Kemudian saya mengalami masalah di tempat kerja yang membuat saya harus berhubungan dengan rekan kerja di Amerika Serikat untuk menyelesaikannya. Saya langsung bereaksi, “Masalah lain.” Saya mulai menjadi tidak sabar. Tetapi, saya tiba-tiba melihat bahwa keterikatan ini adalah karena ketakutan akan masalah. Saya berkata bahwa masalah ini adalah hal baik. Bagaimana saya bisa meningkat jika segala sesuatu berjalan lancar? Saya bersikap tenang dan mengikuti prosedur. Ternyata ini adalah pekerjaan mudah. Apa yang mengendalikan hati kita dan membuat kita tidak nyaman adalah keterikatan.
Kemudian datanglah ketidaknyamanan fisik. Saya mulai mengalami flu, sebuah gejala alergi. Saya berpikir, “saya telah berusaha begitu keras untuk mengultivasikan diri saya. Mengapa sekarang saya mengalami ketidaknyamanan fisik?” Langsung saya menyadari konsep pikiran saya dalam melihat ketidaknyamanan fisik sebagai hal buruk. Saya berkata kepada diri sendiri, “Jangan berpikir terlalu banyak tentangnya. Semua yang terjadi ada alasannya dan mereka semua adalah hal baik.” Dengan pikiran yang sudah diperbaiki, gejala alergi saya menghilang.
Guru berkata,
“Oleh karena penderitaan akan membuat manusia merasa pedih, sehingga manusia dengan sadar maupun tanpa sadar akan melawan penderitaan dan kesusahan, tujuannya adalah ingin hidupnya lebih bahagia, maka di dalam mengejar kebahagiaan, manusia akan terbentuk sesuatu yang membuat dirinya bagaimana supaya tidak terluka, bagaimana untuk hidup nyaman, bagaimana baru dapat menonjol, sukses dan terkenal di tengah masyarakat, bagaimana untuk dapat memperoleh lebih banyak, bagaimana menjadi orang kuat dan sebagainya. Untuk hal-hal demikian, bersamaan dengan perolehan pengalaman-pengalaman tersebut, maka terbentuklah konsep kehidupan manusia, di tengah realitas, pengalaman-pengalaman juga membuat konsep menjadi keras membatu” (“Semakin Menjelang Terakhir Semakin Gigih Maju,” Petunjuk Penting Untuk Gigih Maju III)
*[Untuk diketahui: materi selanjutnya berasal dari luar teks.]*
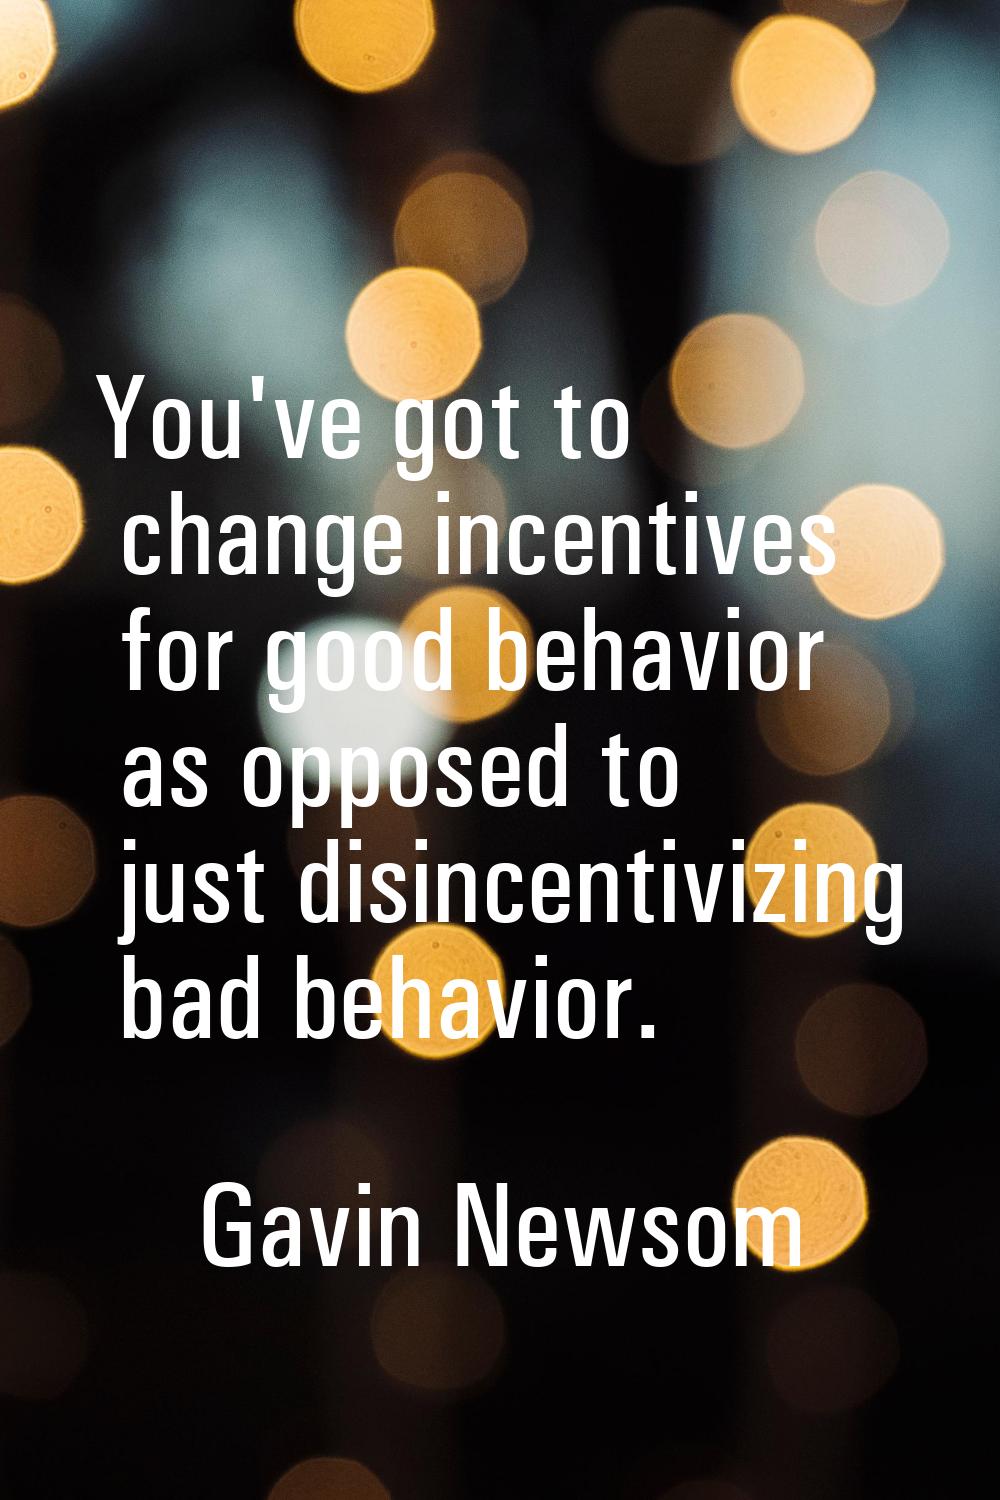 You've got to change incentives for good behavior as opposed to just disincentivizing bad behavior.

Saya mengerti bahwa sebagai manusia, kita akan secara natural tidak ingin menghadapi penderitaan. Tetapi, sebagai praktisi, kita seharusnya menempatkan diri kita pada standar yang lebih tinggi dan bekerja keras untuk menghilangkan semua konsep pikiran manusia yang telah terbentuk selama bertahun-tahun. Tanpa mengamati dan mengubah konsep-konsep pikiran ini, dalam kejadian-kejadian kecil seperti yang disebutkan di atas, saya tidak akan menyadarinya, apalagi menyingkirkannya.
Sebagai praktisi sejati, kita seharusnya terus-menerusmenyingkirkan konsep-konsep pikiran manusia dan memperlakukan ketidaknyamanan sebagai hal baik dari hati kita yang paling dalam. Hanya dengan cara ini, baru kita bisa menghadapi penderitaan dengan senyuman dan semangat yang baik.
Ini adalah pemahaman pribadi saya. Silakan tunjukkan jika ada sesuatu yang tidak sesuai.